Isolated axons inside the six axon/glia compartments screened with six different concentrations of CSPG. Scale bar = 100 μm.

Fig. 7

(A) OPCs uniformly distributed inside an axon/glia compartment. (B) Close-up view of differentiating OPCs inside the axon/glia compartment after two days of co-culture.

Fig. 8

Immunostained images of axons and OLs inside the axon/glia compartment at DIV 29. (A) OPCs co-cultured on top of isolated axonal layer successfully differentiated into mature MBP-expressing OLs. (B) OL processes aligning with axons inside the axon/glia compartment to form myelin-like sheaths. (axon: NF-red, mature OL: MBP-green). Scale bars = 20 μm.

Fig. 9

Images showing co-cultured axons and glial cells at DIV 27. Isolated axons co-cultured with (A-D) OPCs and (E-H) OPCs and astrocytes. Co-cultured astrocytes physically damaged pre-established axonal layer while forming a layer on the substrate.
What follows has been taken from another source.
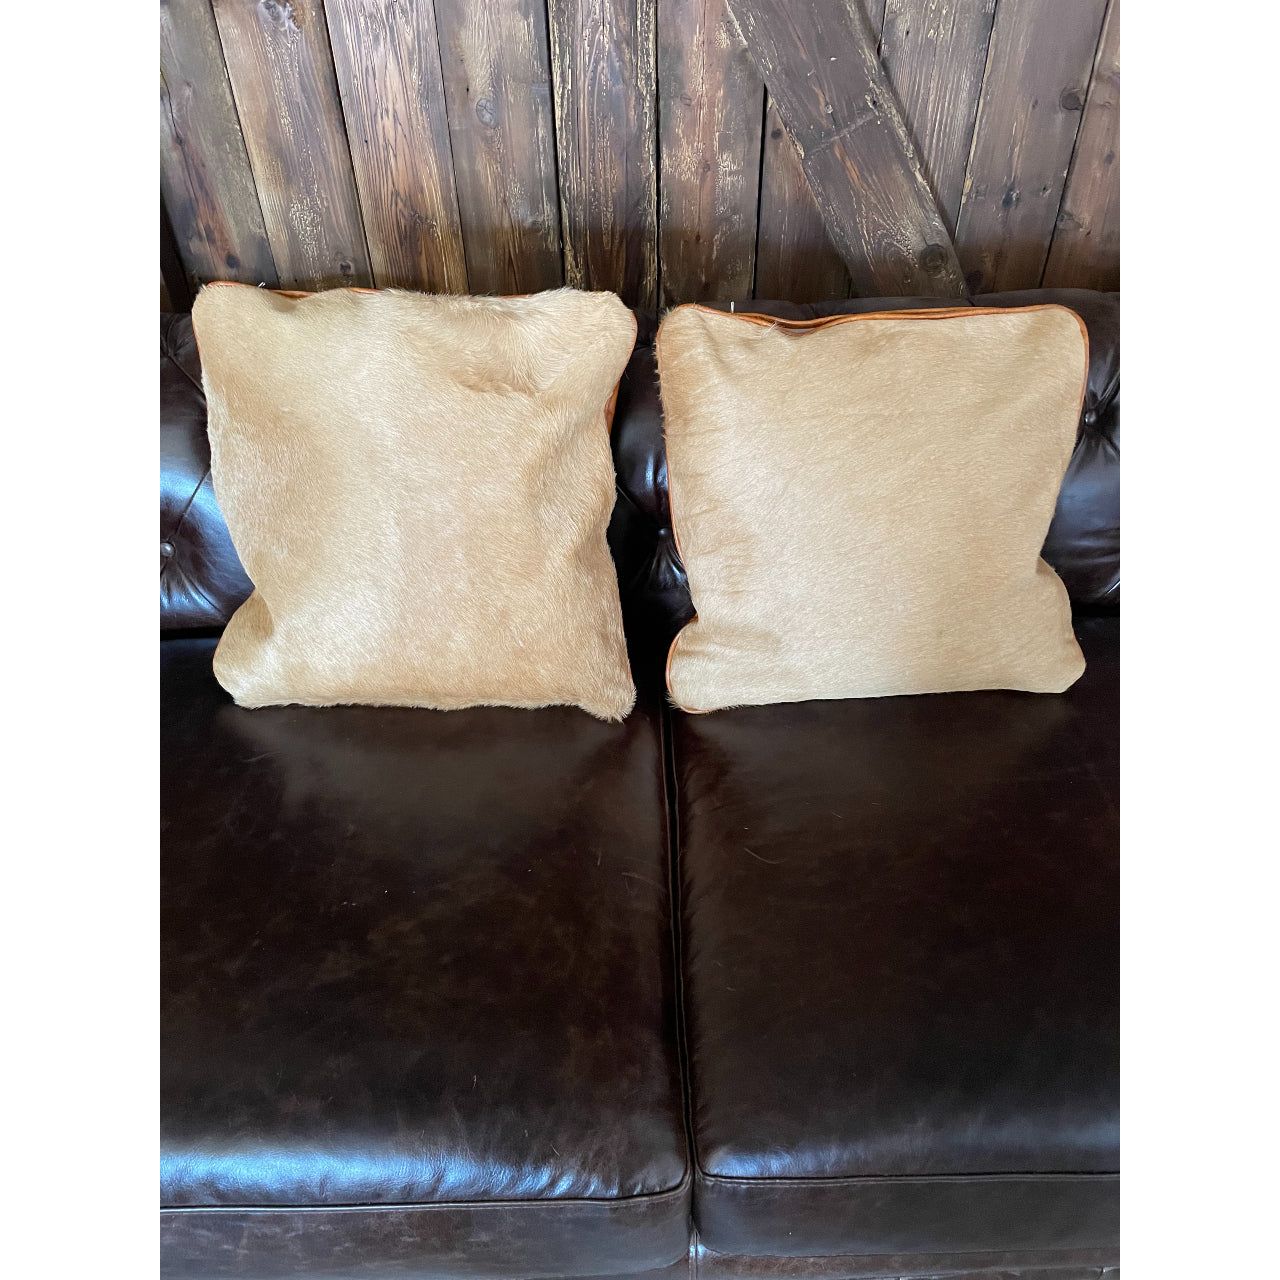 Cowhide Pillow Pair #16 & #17

Axons were stained for NF (red) and mature OLs were stained for MBP (green). Scale bars = 100 μm.

Fig. 10

Astrocytes promoted OPC differentiation. Percentage of MBP expressing OLs from total number of OPCs, based on initial seeding density, was analyzed by immunocytochemistry and cell counting. More OPCs developed into mature-OLs when cultured in the presence of astrocytes (mean ± SD, n = 5, p < 0.05).